Chris Arnold, Chipotle’s communications director, confirmed that the chain last year brought in as consultants Dr. David Acheson, a former U.S. Department of Agriculture and Food and Drug Administration official, as well as David Theno, a former Jack in the Box executive who is widely respected for his work helping that chain recover from an E. coli outbreak in 1993 that sickened hundreds of consumers and killed four children.

Acheson, a physician and specialist in foodborne pathogens, is founder and CEO of The Acheson Group after spending years at the federal agencies, including serving as the FDA’s associate commissioner for foods, which helped develop the 2007 Food Protection Plan.

Theno was Jack in the Box’s senior vice president and food safety officer from March 1993 to January 2009 and is widely considered a go-to advisor on food safety within the restaurant industry.

Arnold said Acheson and Theno were working with Chipotle before James Marsden was hired as executive director of food safety in March. The chain has also continued to work with IEH Laboratories and Consulting Group, which was brought in when E. coli was first reported in the Pacific Northwest last fall.

Arnold did not elaborate on what Acheson and Theno are doing specifically for the chain. Last year Chipotle outlined aggressive food-safety practices that include high-resolution testing of ingredients for pathogens, greater supplier accountability and food-handling procedures to bring the threat of foodborne illness to near zero.

Part of that effort is holding suppliers to a higher food-safety standard.

The Reuters report noted that Chipotle has cut ties with some suppliers, citing Kenter Canyon Farms as an example.
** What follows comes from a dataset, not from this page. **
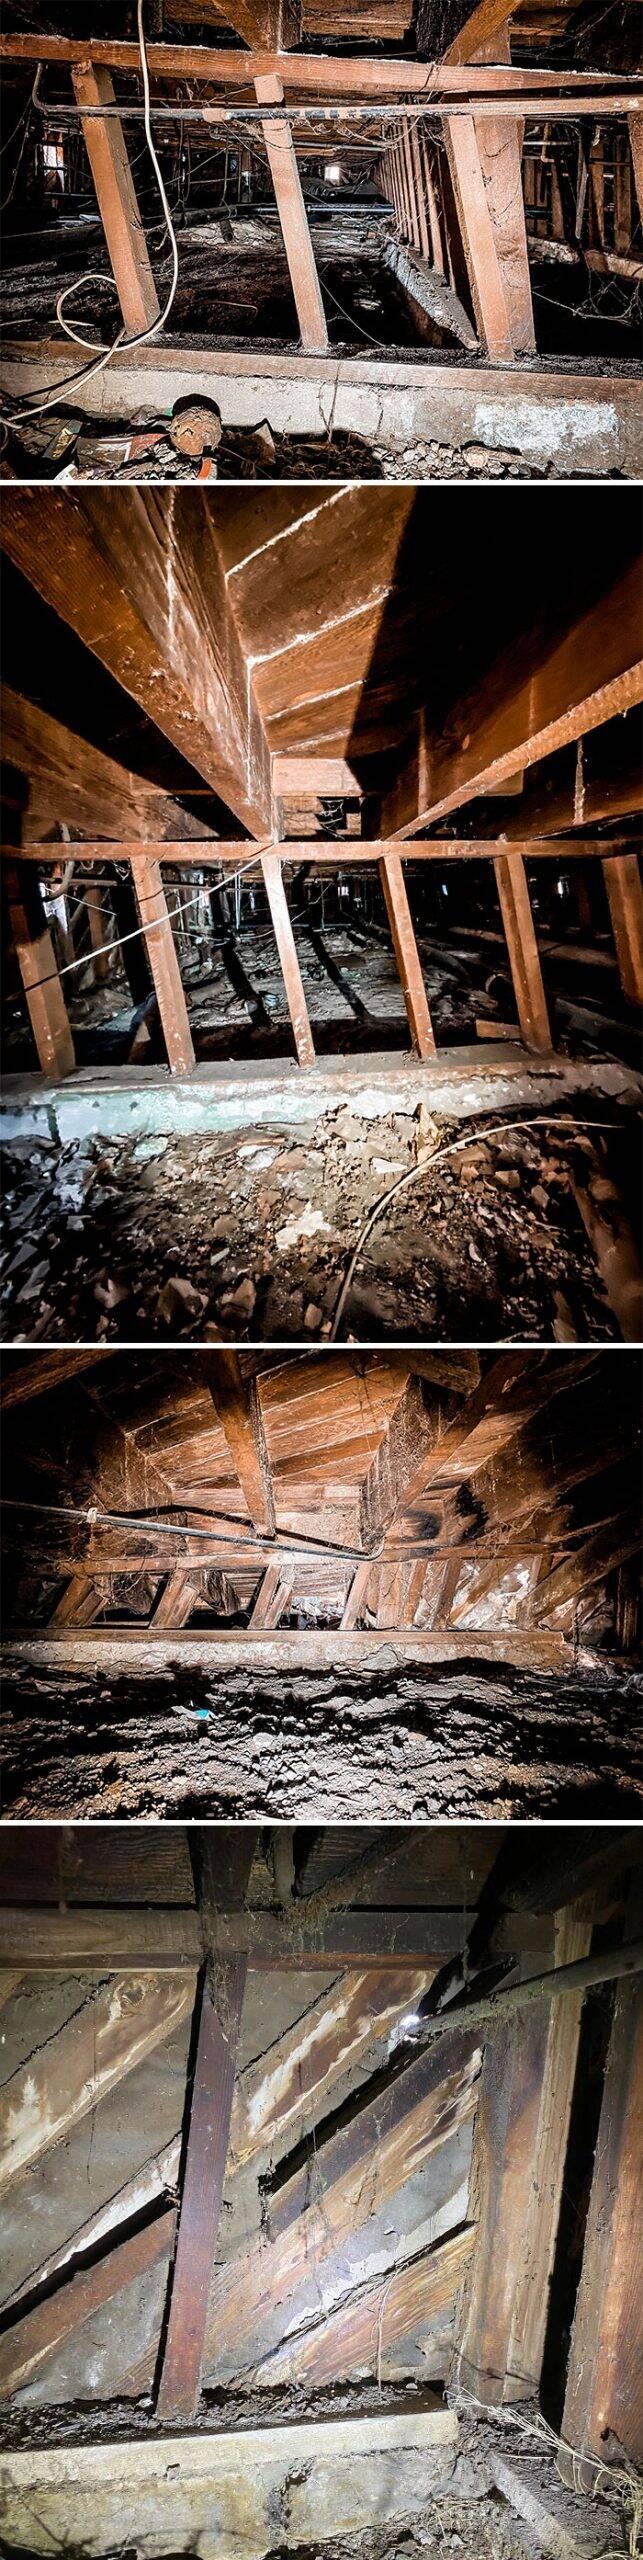 15 erros de estrutura da casa que surpreenderam inspetores

Is Chipotle moving away from smaller suppliers?

Some critics contend Chipotle will be forced to move away from smaller farms in favor of larger suppliers with better food-safety controls, despite the fast-casual chain’s longtime attempt to position itself as the small-farm-championing alternative to the Big Agriculture conglomerates supplying most fast-food chains.

Chipotle last year warned that new food-safety standards for suppliers, including the testing of ingredients for certain pathogens, might be a challenge for small- and medium-sized farms.
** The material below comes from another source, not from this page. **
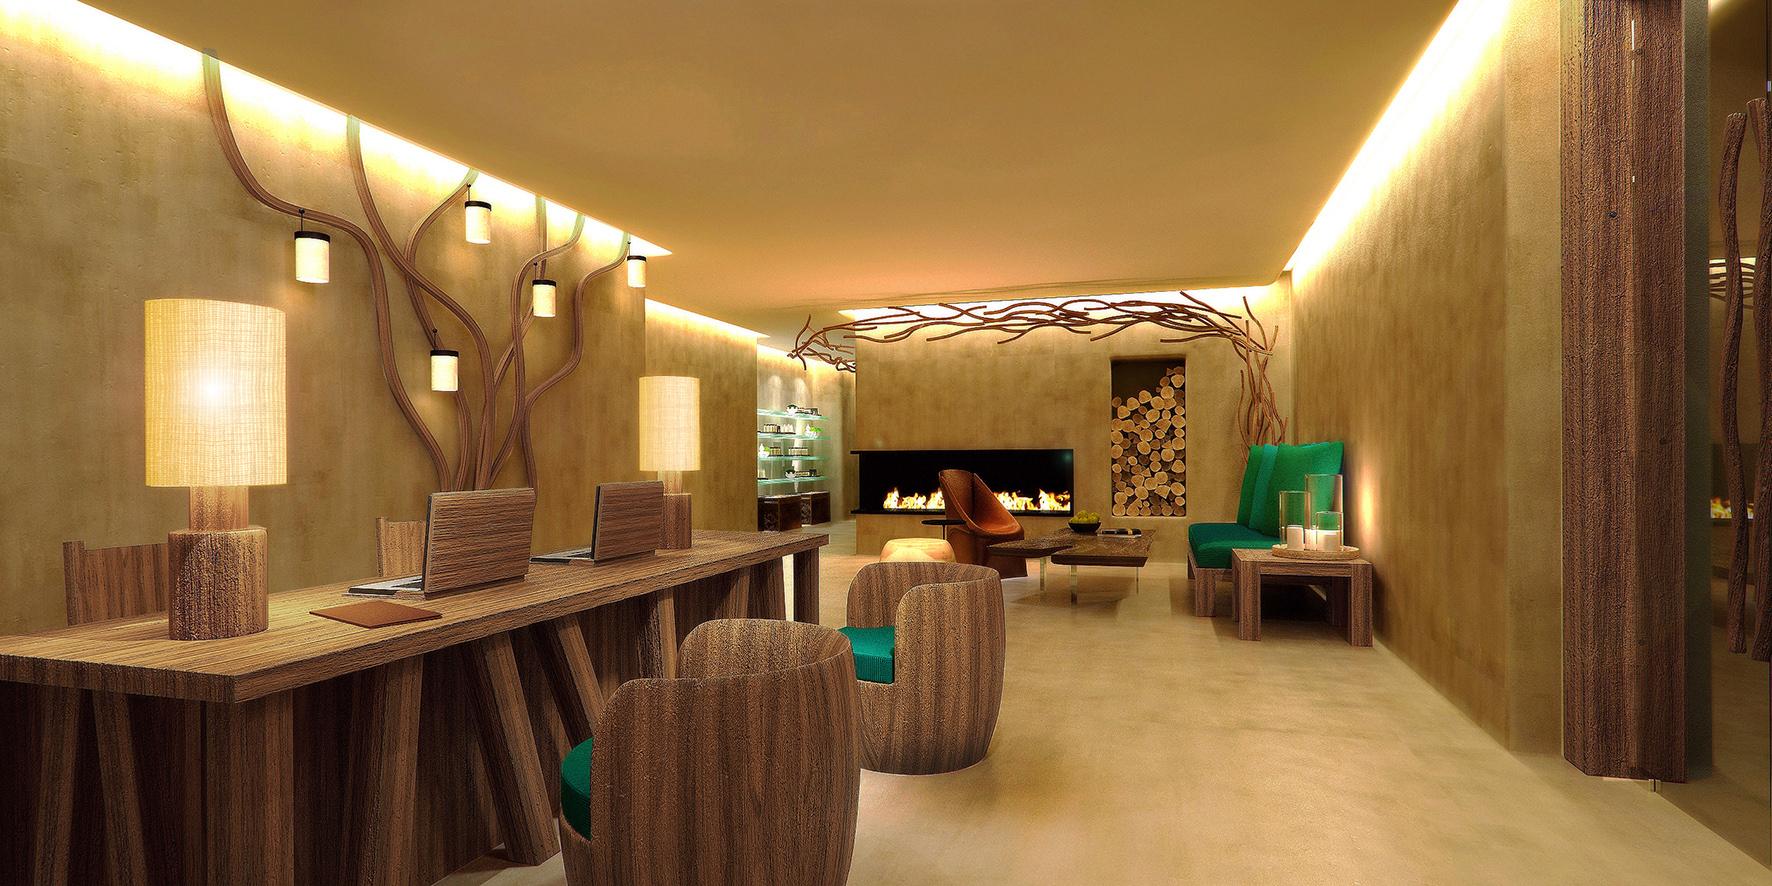 Six Senses Hotels Resorts And Spas Hospitality Net

To help support those smaller growers and keep them within the Chipotle supplier family, chain officials earlier this year launched a $10 million Local Grower Support Initiative.
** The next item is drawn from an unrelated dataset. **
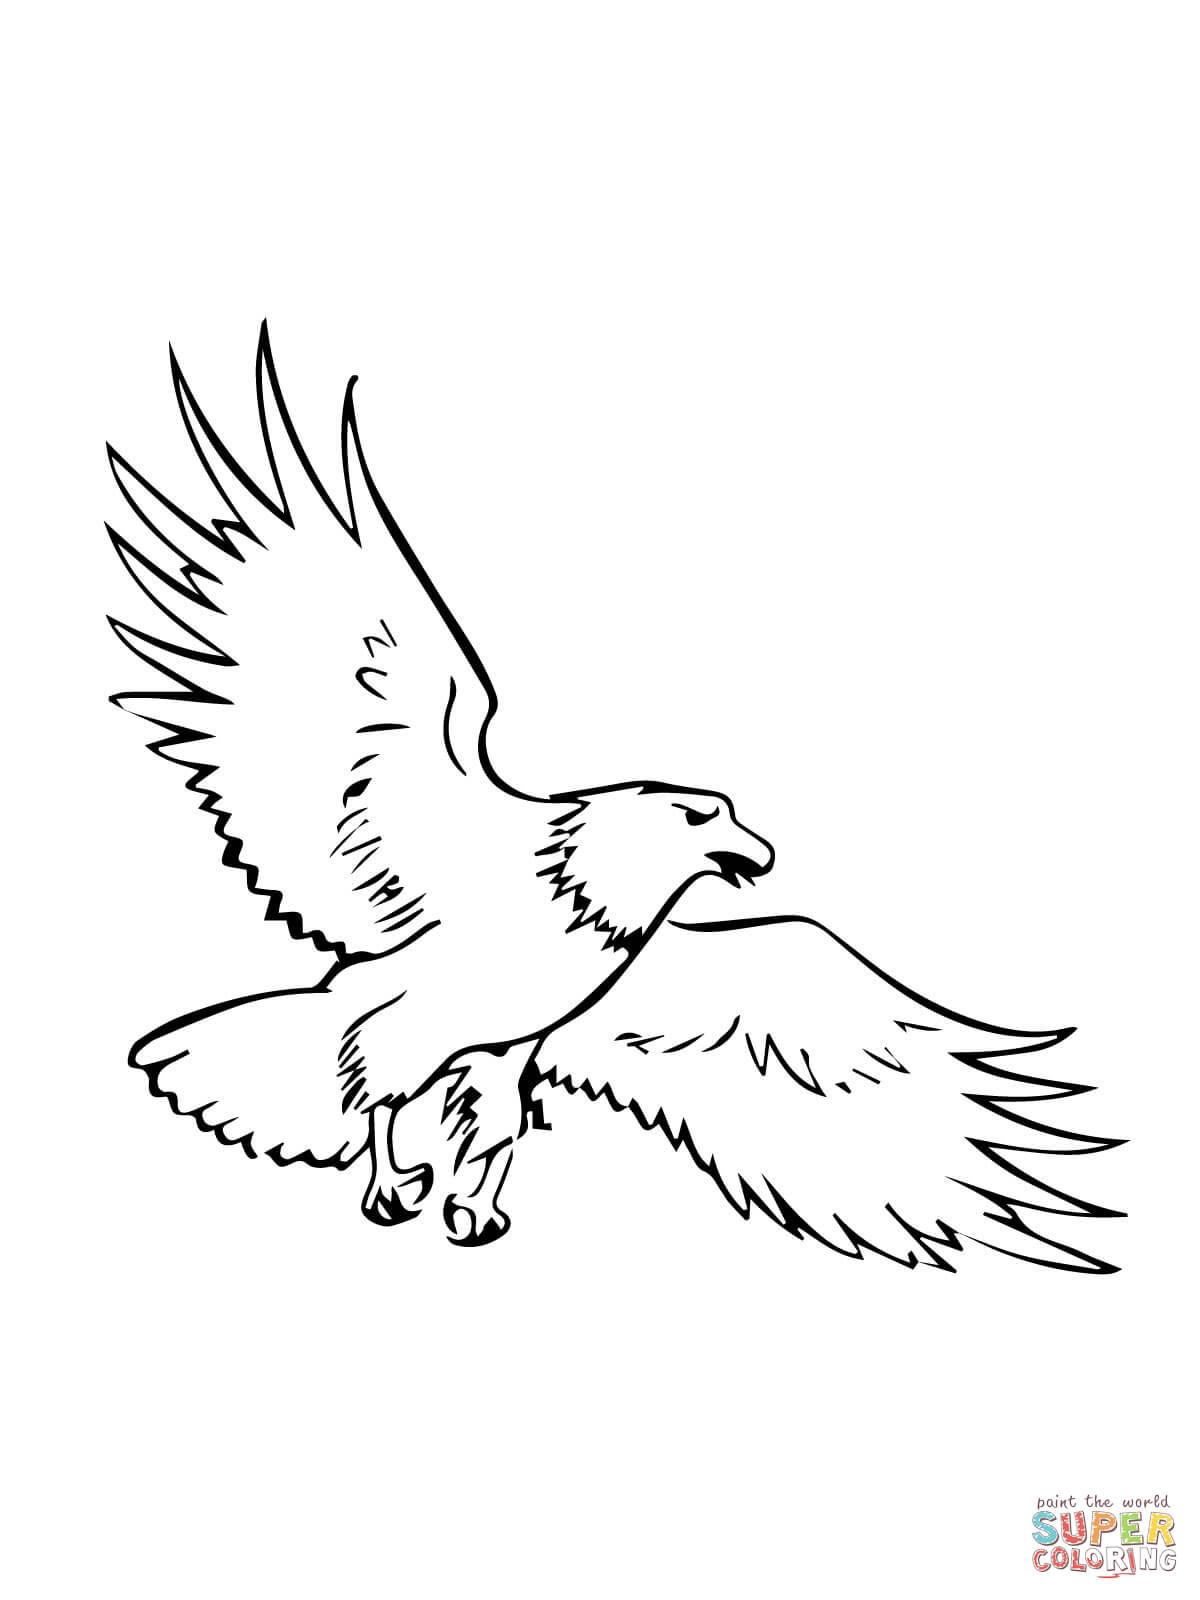 Soaring Bald Eagle Coloring Page

Kenter Canyon provided organic oregano to Chipotle through a third-party distributor, said Mark Lopez, Kenter Canyon’s sales manager, food safety director and organics compliance officer.

Chipotle cut ties with the third-party distributor last December in the midst of the E. coli crisis, a move that likely impacted other suppliers, Lopez told NRN, though he declined to identify the middleman.

It was not a reflection of any specific practices by the farm and Chipotle had no direct contact or communication with Kenter Canyon, said Lopez, though Chipotle officials had visited the farm in the past.

“I think it was just a broad brush, just to be on the safe side,” he said.  “Not knowing where the E. coli came from, they broke off ties with this level of grower.”

Chipotle’s Arnold did not respond to questions about why the distributor was cut.

Kenter Canyon describes itself as a family farm in California’s Ventura County that is committed to sustainable farming practices, raising lettuce, herbs and specialty crops. About 95 percent of the produce they grow is organic.

But it isn’t exactly a small farm.

The 300-acre farm is a national supplier of organic oregano, and one of its biggest clients is Whole Foods Markets, for which the farm provides organic oregano to stores across the Southern Pacific region.

Lopez declined to characterize the farm’s sales specifically, but he said gross annual sales are more than $250,000, which is the defining mark for a small farm under the USDA definition.

It's not a giant farm either, he said. Kenter Canyon trucks its produce to Los Angeles where it gets distributed. "We don't ship out of state," he said. "But we're no mom and pop."

The size of a farm, however, does not necessarily determine how safe the food it produces might be, said Lopez. “No matter the size, there has to be transparency.”